Thanks for your thoughts.


----------



## Sled dog hotel

Tumbleweed said:


> My bitch was mated on 8/5/12 and again on 10/5/12.
> 
> She's been showing most of the pregnancy signs - sleepy, thickening around ribs and waist, enlargement of nipples etc... But we're less than a week from her due date and I can't feel any puppies moving. Could this be a false pregnancy or is it still possible she has some hiding? I've been treating her as if she is pregnant since the mating so all her feeding and worming schedules are up to date for this gestation.
> 
> Just getting a little worried now that she either didn't get preg or reabsorbed them at some point. I haven't had her scanned.
> 
> She's a lurcher and larger than the dad who is a whippet.
> 
> Any ideas aside for taking her to the vet? (they charge a small fortune for walking in the door! I'm trying to hold on to my vet fund in case she has an emergency rather than for diagnostics).
> 
> Thanks for your thoughts.


According to this they can show all the same signs in a false pregnancy too

Watch for Signs of Pregnancy Canine gestation lasts approximately 63 days. Signs of pregnancy include an increase in appetite, weight, and nipple size. However, a bitch with false pregnancy may also show these signs. A veterinarian can usually confirm a pregnancy through abdominal palpitation at 28 days or by using ultrasound or X-rays.

http://www.akc.org/breeders/resources/guide_to_breeding_your_dog/pdf/guide_to_breeding_your_dog.pdf


----------



## swarthy

As above, a phantom can show all the signs of a genuine pregnancy.

You should really have had her scanned at around 4/5 weeks so you know for definite - I've been where you are and it's a very stressful time.

If your vets are too expensive to do the scans, find another one.


----------



## pod

Tumbleweed said:


> My bitch was mated on 8/5/12 and again on 10/5/12.
> 
> She's been showing most of the pregnancy signs - sleepy, thickening around ribs and waist, enlargement of nipples etc... But we're less than a week from her due date and I can't feel any puppies moving. Could this be a false pregnancy or is it still possible she has some hiding? I've been treating her as if she is pregnant since the mating so all her feeding and worming schedules are up to date for this gestation.
> 
> Just getting a little worried now that she either didn't get preg or reabsorbed them at some point. I haven't had her scanned.
> 
> She's a lurcher and larger than the dad who is a whippet.
> 
> Any ideas aside for taking her to the vet? (they charge a small fortune for walking in the door! I'm trying to hold on to my vet fund in case she has an emergency rather than for diagnostics).
> 
> Thanks for your thoughts.


It's not too easy to actually feel or see puppy movement unless the abdomen is quite distended with a large litter. I would start monitoring her temperature. I found this a good way of predicting whelping, though not always totally reliable.

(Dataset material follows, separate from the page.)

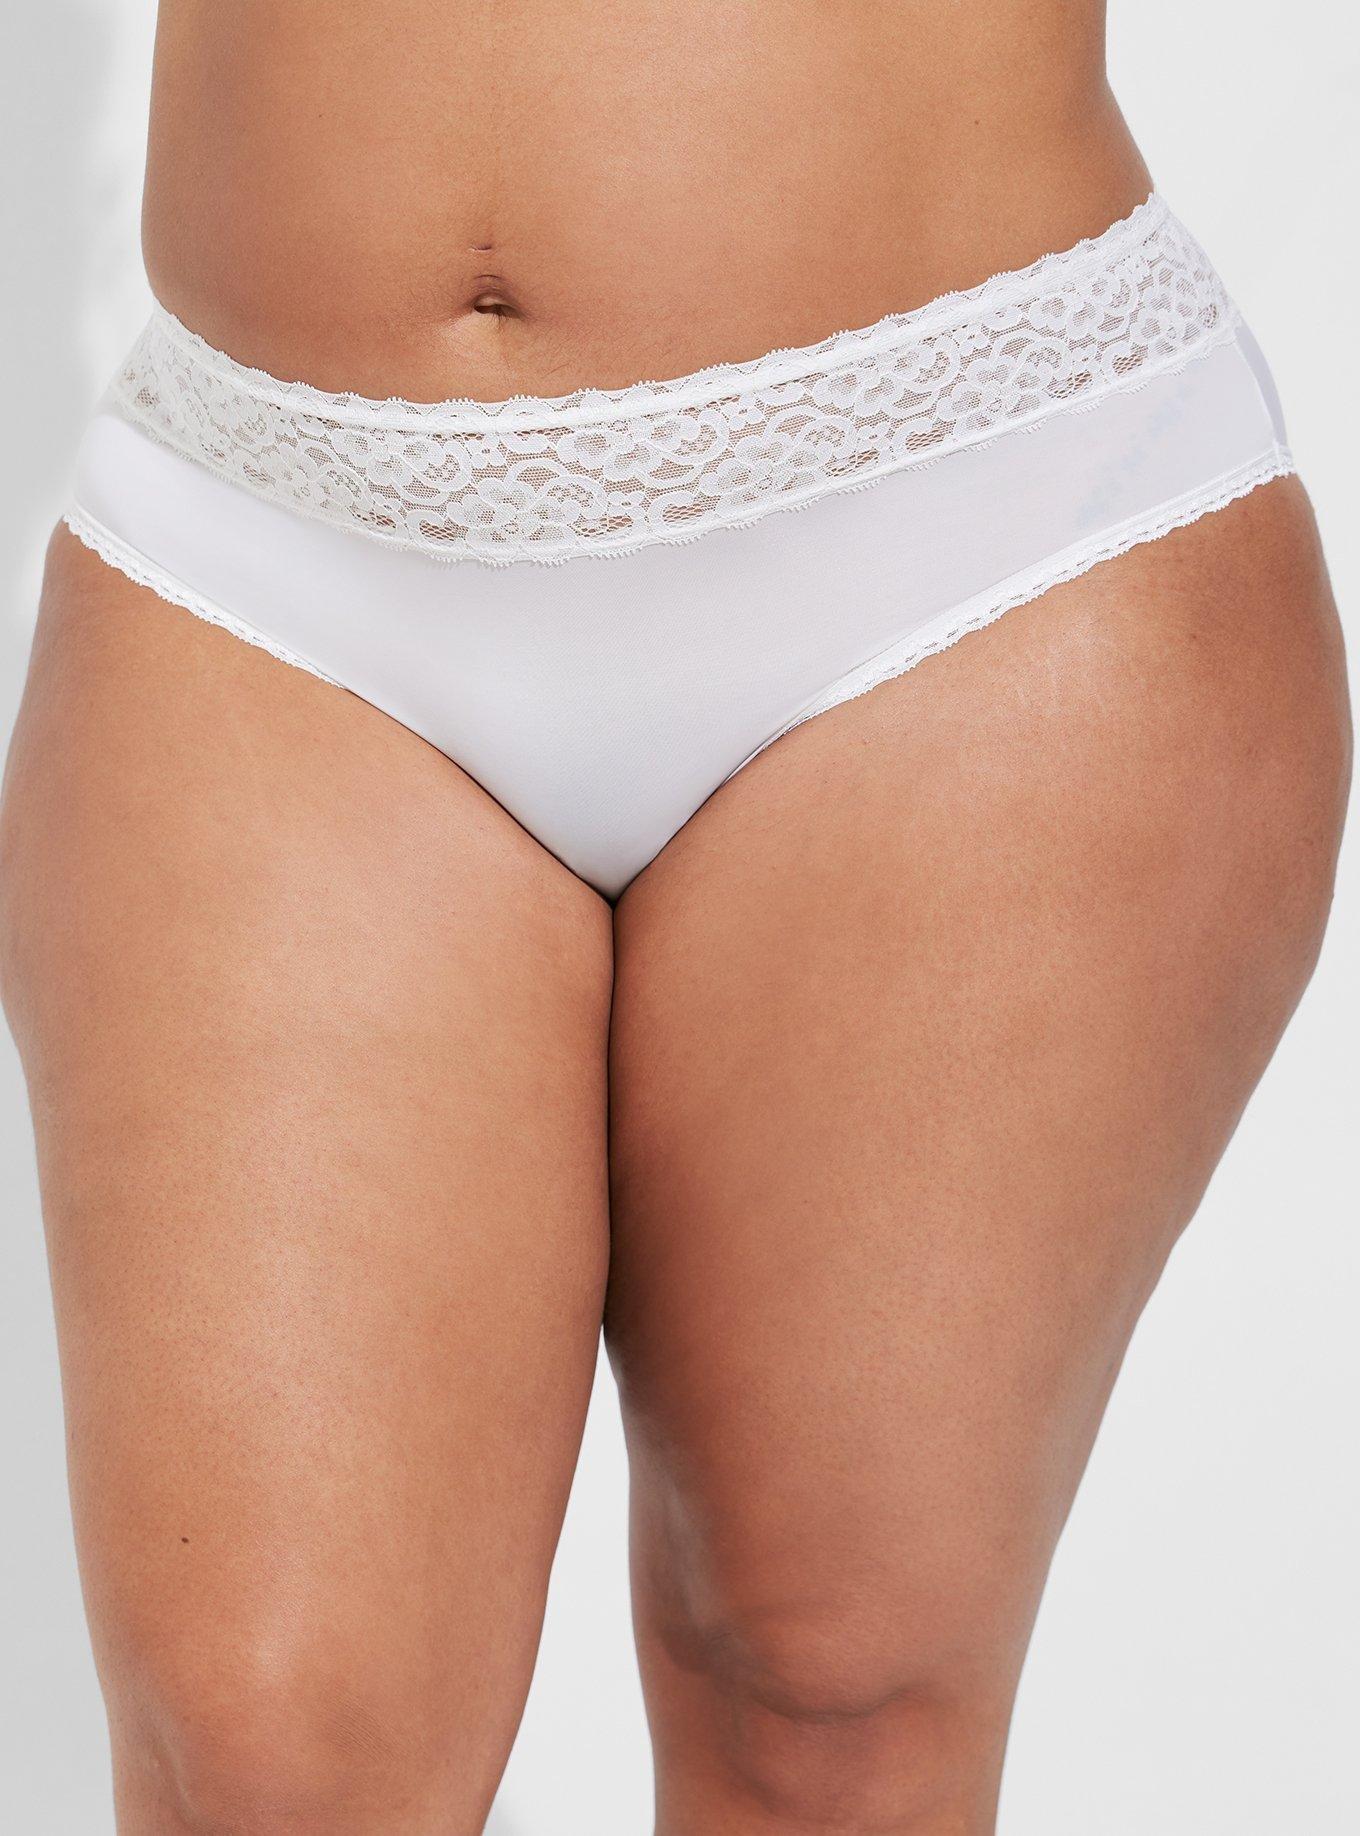 Torrid Thong Panties Underwear Curve Floral Lace Meh Black White Plus Size  6 30

A stethoscope comes in handy too.


----------



## Tumbleweed

Thank you for all your replies.

Yes, I'd planned to have her scanned around 4 weeks but they wanted £70 which seemed excessive just for an ultrasound. I've seen other pregnant bitches and we've always been able to find pups by this point so thought I'd know by now. 

She's sleepy and hungrier and acting pregnant. She's got a light clear discharge that she's had for a while.

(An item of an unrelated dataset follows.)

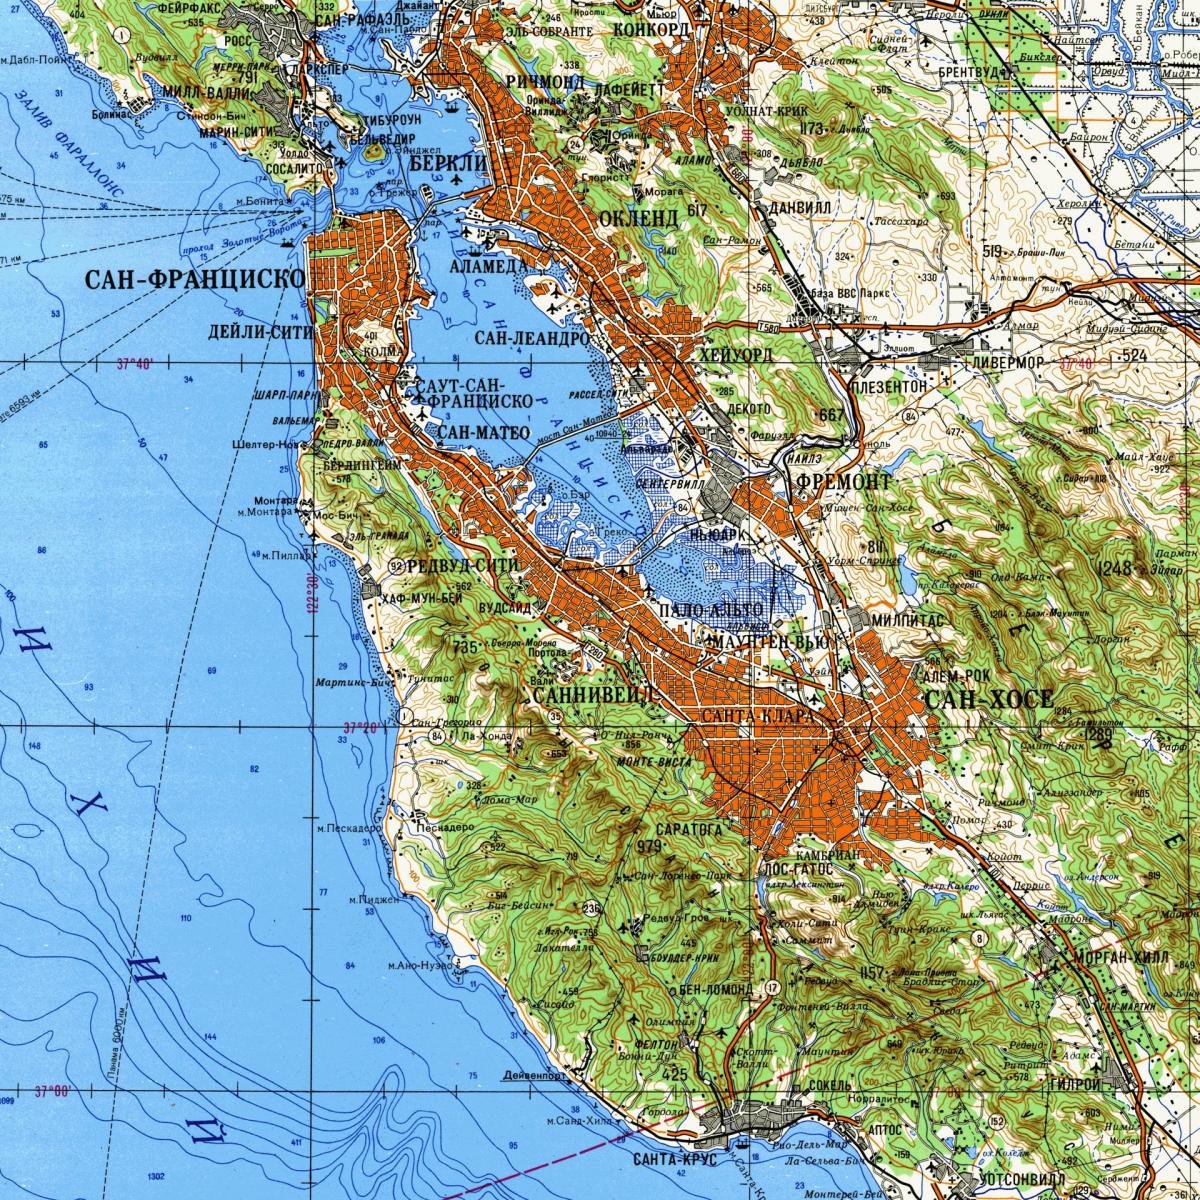 San Francisco bay area peta topografi

I've got her whelping area sorted so we're all ready to go in every other way. If I do this again I'll definitely get the scan done early lol.

I will try monitoring her temps or call around to find out if there are vets scanning more reasonably.

If she is preg then I'm expecting it to be a fairly small litter (at which point she'll have twelve like her mum just to prove me wrong lol).

Her due date is 7th (or 11th depending on which calculator used!) from first mating. I won't give up until next weekend in case she ovulated later - this could make it potentially three days from last mating which would be then be a due date of the 15th.


----------



## chichi

I know that vets are expensive but I definitely would have her checked over. I no longer bother with scans as they are so inaccurate at times and its easy in small breeds to confirm pregnancy yourself by their tummies. I can usually feel number of pups by week 7 unless its a big litter and they are squished up.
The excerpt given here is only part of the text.